1. Why is the speed of light considered to be the maximum speed in the universe?

The speed of light, denoted by the letter c, is considered to be the maximum speed in the universe because it is a fundamental constant that is the same for all observers, regardless of their relative motion. This constant is a fundamental part of Einstein's theory of relativity, which has been extensively tested and confirmed by numerous experiments.

2. How does the speed of light affect our understanding of the universe?

The speed of light plays a crucial role in our understanding of the universe. It is used in many important equations and theories, such as the famous equation E=mc², which relates energy, mass, and the speed of light. The speed of light also determines the maximum rate at which information can travel, which has important implications for our understanding of the structure and evolution of the universe.

3. Why is the speed of light constant and not affected by the movement of its source?

According to Einstein's theory of relativity, the speed of light is constant and does not change regardless of the movement of its source. This is because the speed of light is not relative to the movement of the source, but rather to the observer measuring it. This means that no matter how fast the source is moving, the speed of light relative to the observer will always be the same.

4. How does the speed of light delay affect our observations of distant objects?

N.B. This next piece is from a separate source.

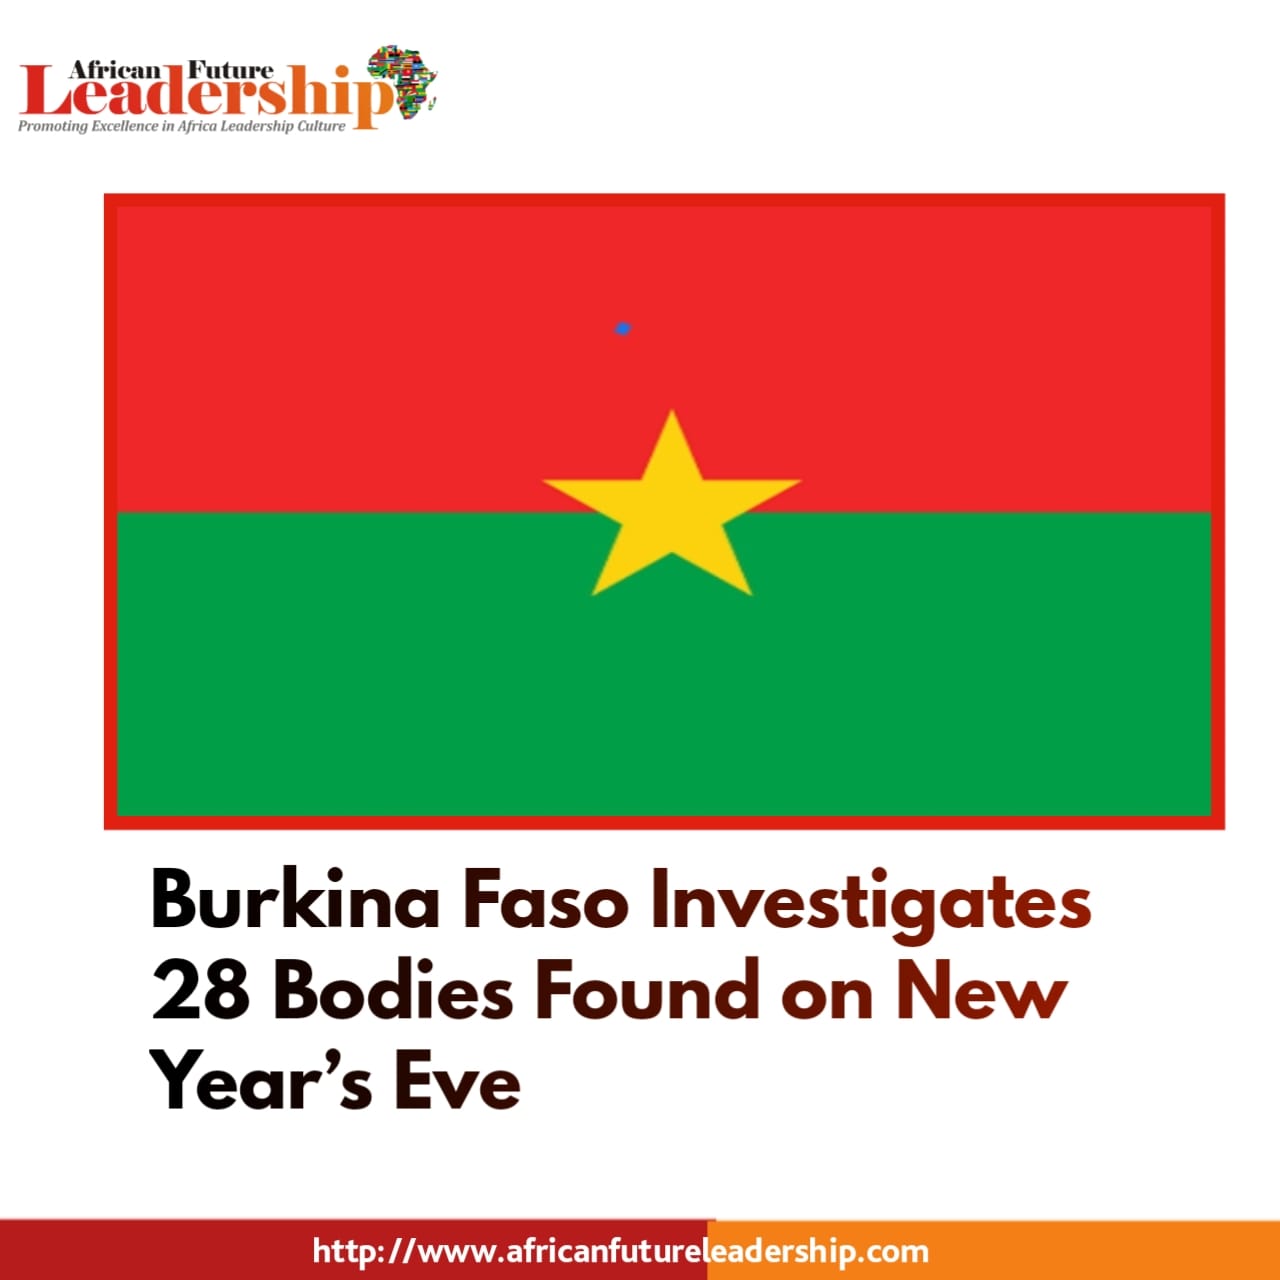 Burkina Faso Investigates 28 Bodies Found on New Year’s Eve

The speed of light delay, also known as the light travel time, is the time it takes for light from a distant object to reach our eyes or telescopes. This delay can affect our observations by causing them to be slightly delayed from the actual state of the object. For example, if we observe a distant star, we are seeing it as it was in the past because it takes time for its light to reach us.

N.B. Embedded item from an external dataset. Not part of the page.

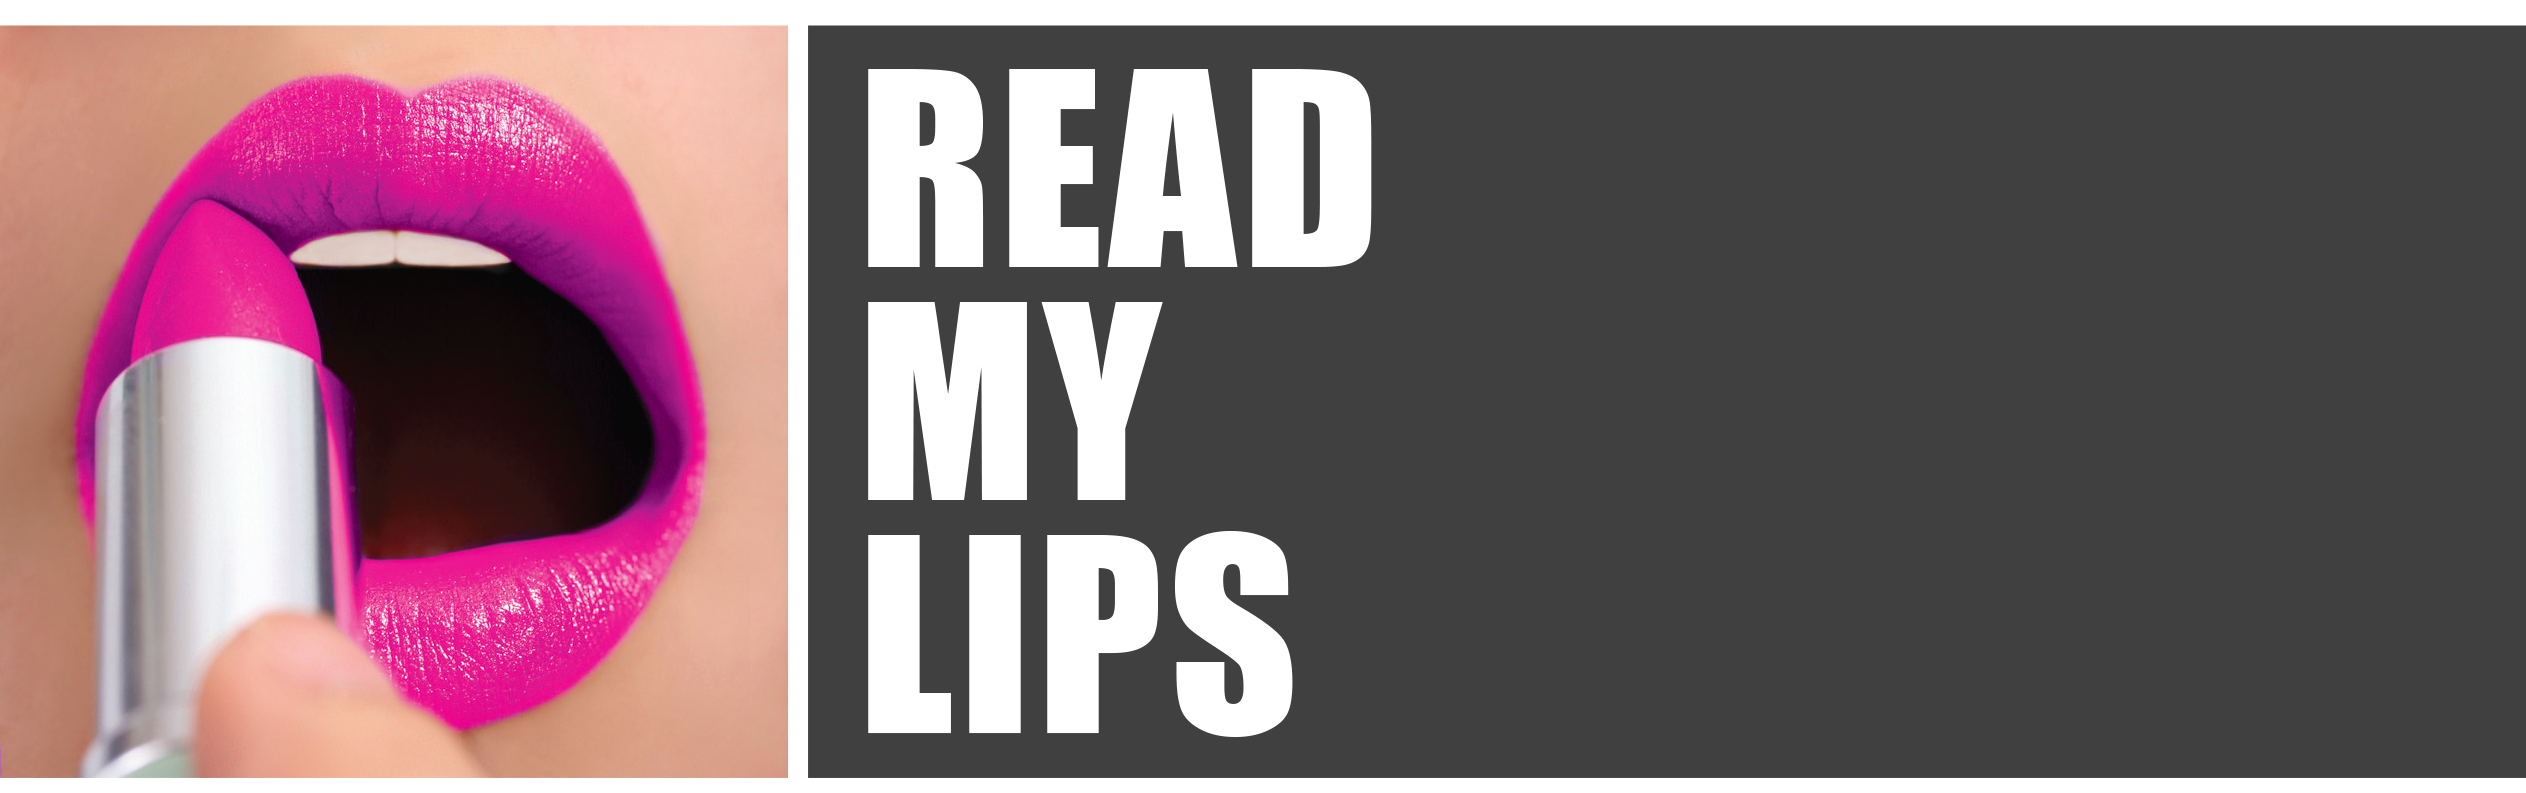 read my lips by teri brown

5. Why is the speed of light delay ignored by cosmologists?

The speed of light delay is not ignored by cosmologists, but rather it is taken into account when making observations and calculations. Cosmologists use various methods to account for the light travel time when studying distant objects in the universe. These methods include using redshift to estimate the distance and age of objects, as well as using computer simulations to account for the time delay in observations.